May every word I hear be filtered through my heart.
May my inner judge sit this one out.
May I breathe into lovingkindness, for myself and for you.
And may I accept that we will both do this imperfectly.
Beginnings for beloved conversations about race
- I’m thinking of the news from Cleveland, Staten Island, Ferguson.
My heart is broken over this because…
- This year my church will mark the 50th anniversary of the Selma march. Do you remember those days?
What was that like for you then?
- When did we stop talking about race?
- What must those parents be feeling? What would it be like to be afraid whenever children go out?
- How did you feel, when you saw all those people in the streets?
- In the coming year I hope…
- In the coming year, I pray…
- I am committed to…
Advent Meditation in a Troubled Time
We come now into the season of silences and stillnesses:
winter starlight
winter moon
winter snowfall
winter dark,
even in the day-time, falling all around us in the early afternoon like a shawl of thickly-woven woolen quiet.

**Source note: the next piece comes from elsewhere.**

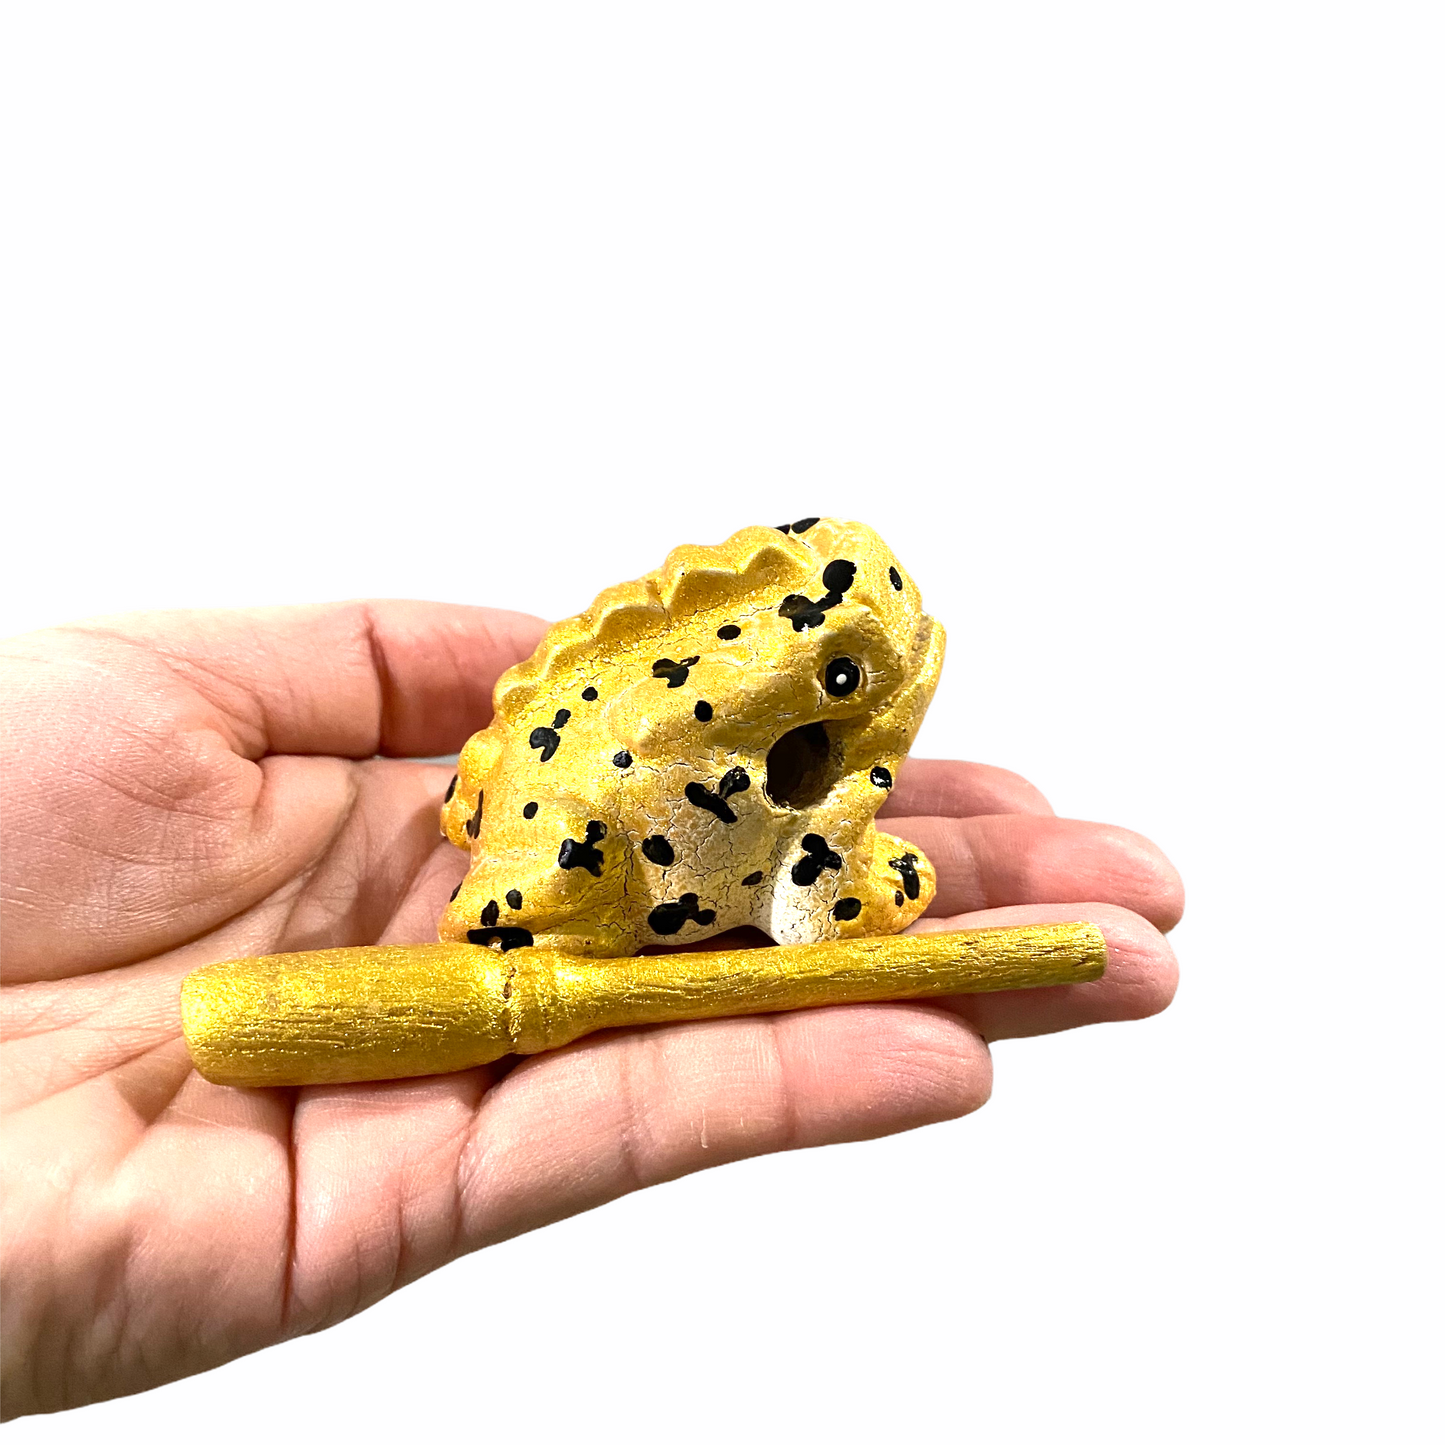 1.5" Extra Small Painted Golden Wooden Musical Frog Percussion Instrument

Our days, our lives, our heads, our phones and screens are very noisy.
We long for silence,
we strain to hear it, listen for it in the midst of
shopping and planning,
working,
careening from this event to that celebration,
from school concert to holiday spectacular:
busy things we love each year
and others that we really don’t;
the deafening bells
and soul-deadening seasonal music at the grocery store,
the sugared-energy of normally nice children who somehow got the memo
that to be human in December in America is to want more stuff;
the pulsing, incessant anxiety of not-enough-money-not-enough-time;
the general crabbiness of grown-ups;
the frantic commute on slick roads made treacherous by ice and short tempers –
We long for the silence:
winter starlight
winter moon
winter snowfall
winter darkness gentled just enough by quiet candles on the table,
Advent wreath, menorah,
just enough soft light to coax memories back in,
of winters past and loved ones gone,
all present in the heart.
We come now into the season of stillness and silence,
weary and ready for old stories and old music
promising us peace on earth, to all good will,
all the old carols of comfort and joy…
When suddenly, what to our wondering eyes and ears should appear?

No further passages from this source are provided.